Wang Hailin, Lu Meiling, Weinfeld Michael, Le Chris X
Environmental Health Sciences Program, Department of Public Health Sciences, University of Alberta, Edmonton, Alberta, Canada T6G 2G3.
Anal Chem. 2003 Jan 15;75(2):247-54. doi: 10.1021/ac026204a.
The stability of antibody and formation of immunocomplexes are essential to high-sensitivity capillary electrophoresis immunoassays (CEIA). However, little attention has been paid to enhancing or maintaining immunocomplex formation and antibody stability to improve the performance of CEIA. We report here the use of nonspecific proteins, such as bovine serum albumin (BSA) and rabbit immunoglobulin (rIgG), to enhance immunocomplex formation and to stabilize antibodies and immunocomplexes for immunoassays. Complexes between DNA adducts of benzo[a]pyrenediol epoxide (BPDE) and their antibodies were examined using capillary electrophoresis with laser-induced fluorescence detection (CE-HF). A tetramethylrhodamine (TMR)-labeled single-stranded oligonucleotide (16-mer) containing a single BPDE adduct was used as a fluorescent probe to study its immunocomplexes with a monoclonal antibody (8E11). To examine the formation of larger complexes, a TMR-labeled secondary antibody (anti-mouse), a primary antibody (mouse monoclonal antibody 5D11), and BPDE adducts in cellular DNA were used. We demonstrate that the use of nonspecific proteins stabilized the antibody and greatly enhanced the formation and stability of the immunocomplexes, resulting in substantial improvements in the detection limit (10-fold) and the reproducibility of the analysis. Another advantageous consequence of the stabilization was a 150-fold reduction of the concentration of the antibody needed for the immunoassay, resulting in reduced background and cost. We successfully applied this technique to the determination of DNA adducts of BPDE using a competitive immunoassay. The results from both small complexes (between a primary antibody and an oligonucleotide) and larger complexes (among a secondary antibody, a primary antibody, and cellular DNA) indicate that the technique can be extended to other immunoassays. We suggest that nonspecific proteins may assist the formation and stabilization of antibody-antigen complexes by maintaining the correct conformation of the antibody and antigen for optimum binding.
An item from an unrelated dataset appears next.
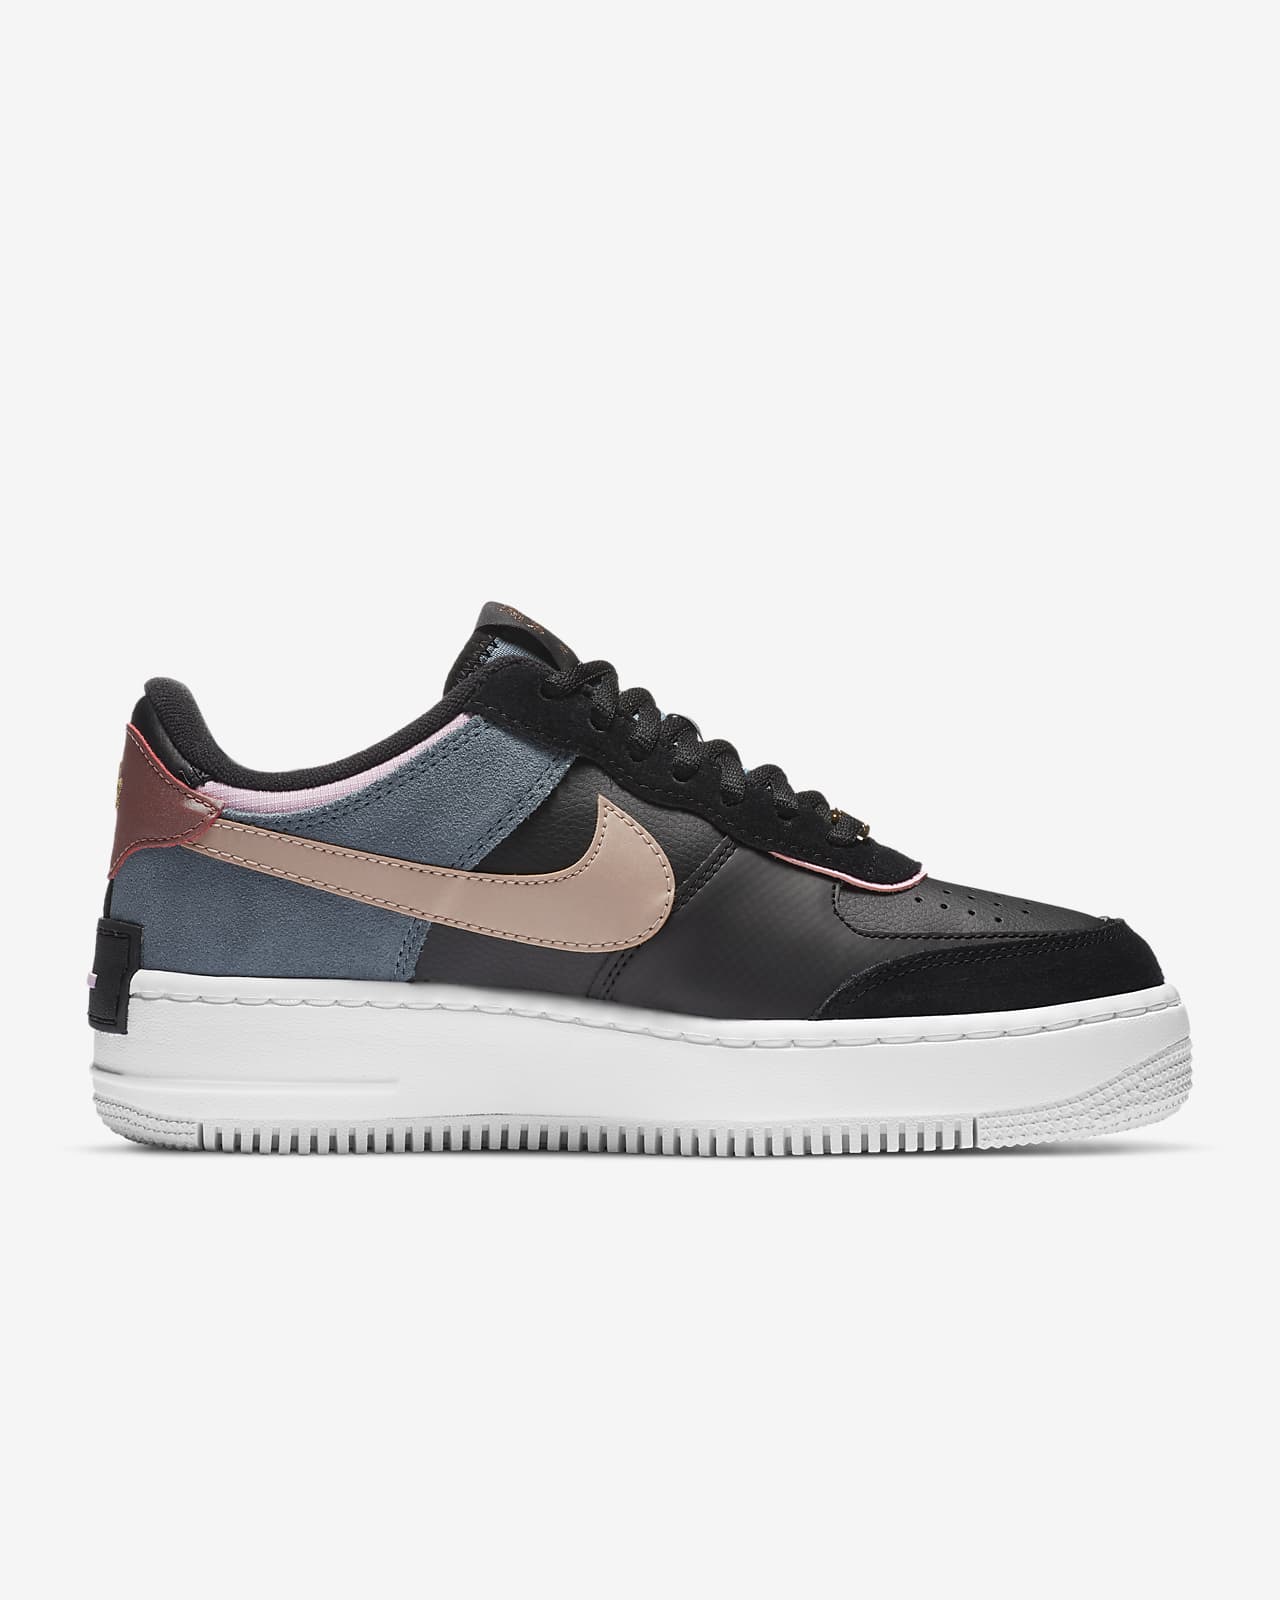 Nike Air Force 1 Shadow Women's Shoe 
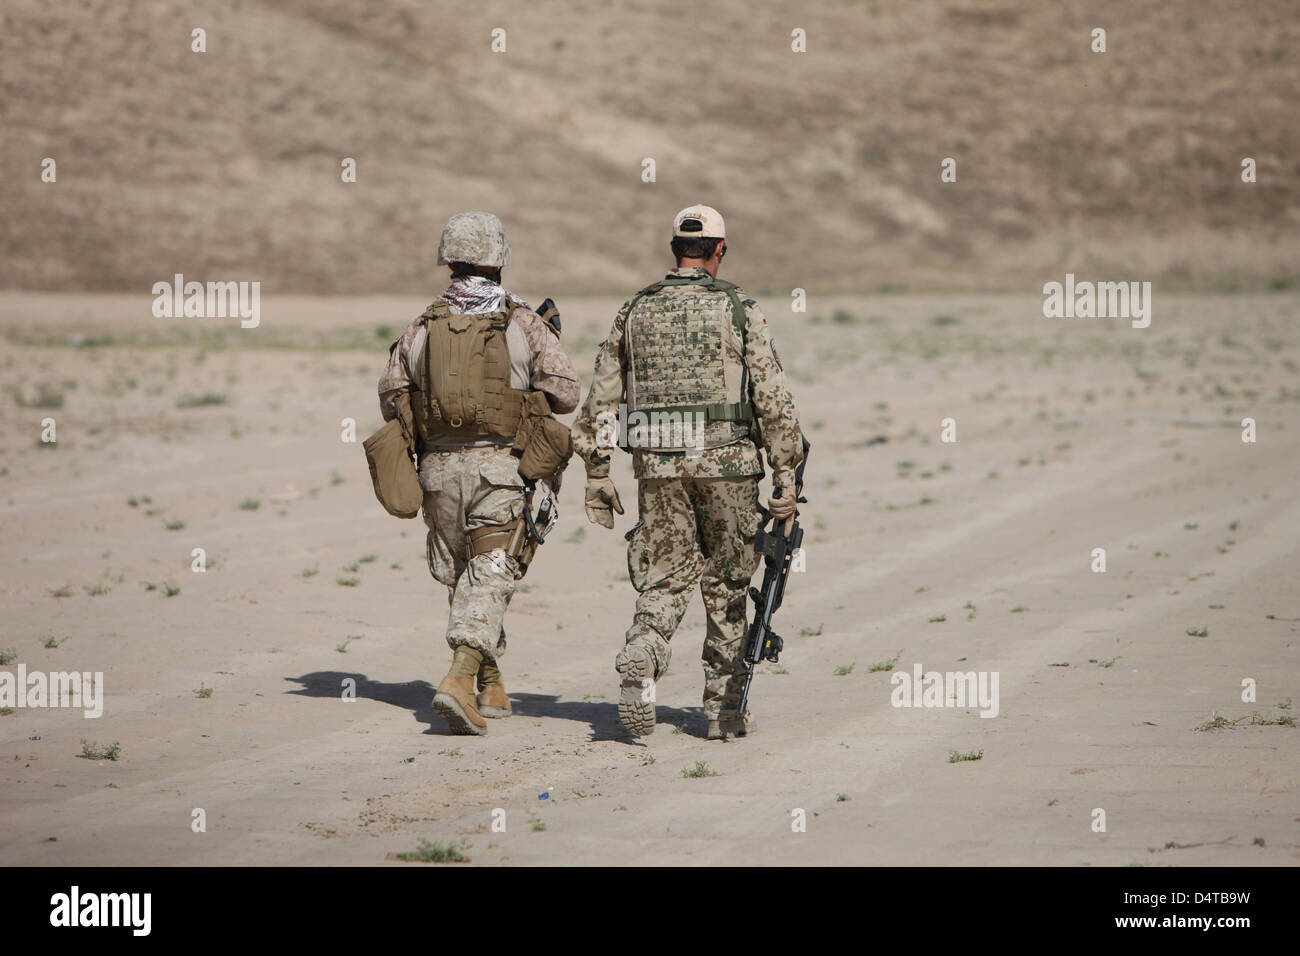 US-Marine und deutsche Koalition Soldaten gehen in ein Wadi in der Nähe von Kunduz, Afghanistan. Stockfoto

抗体的稳定性和免疫复合物的形成对于高灵敏度毛细管电泳免疫分析(CEIA)至关重要。然而,在增强或维持免疫复合物形成以及抗体稳定性以提高CEIA性能方面,人们关注较少。我们在此报告使用非特异性蛋白质,如牛血清白蛋白(BSA)和兔免疫球蛋白(rIgG),来增强免疫复合物形成,并稳定用于免疫分析的抗体和免疫复合物。使用毛细管电泳结合激光诱导荧光检测(CE-HF)来检测苯并[a]芘二醇环氧化物(BPDE)的DNA加合物与其抗体之间的复合物。一种含有单个BPDE加合物的四甲基罗丹明(TMR)标记的单链寡核苷酸(16聚体)被用作荧光探针,以研究其与单克隆抗体(8E11)的免疫复合物。为了检测更大复合物的形成,使用了TMR标记的二抗(抗小鼠)、一抗(小鼠单克隆抗体5D11)以及细胞DNA中的BPDE加合物。我们证明,使用非特异性蛋白质可稳定抗体,并极大地增强免疫复合物的形成和稳定性,从而使检测限大幅提高(10倍),并改善分析的重现性。稳定化的另一个有利结果是免疫分析所需抗体浓度降低了150倍,从而降低了背景和成本。我们成功地将该技术应用于使用竞争性免疫分析测定BPDE的DNA加合物。来自小复合物(一抗与寡核苷酸之间)和大复合物(二抗、一抗与细胞DNA之间)的结果均表明,该技术可扩展至其他免疫分析。我们认为,非特异性蛋白质可能通过维持抗体和抗原的正确构象以实现最佳结合,从而协助抗体-抗原复合物的形成和稳定。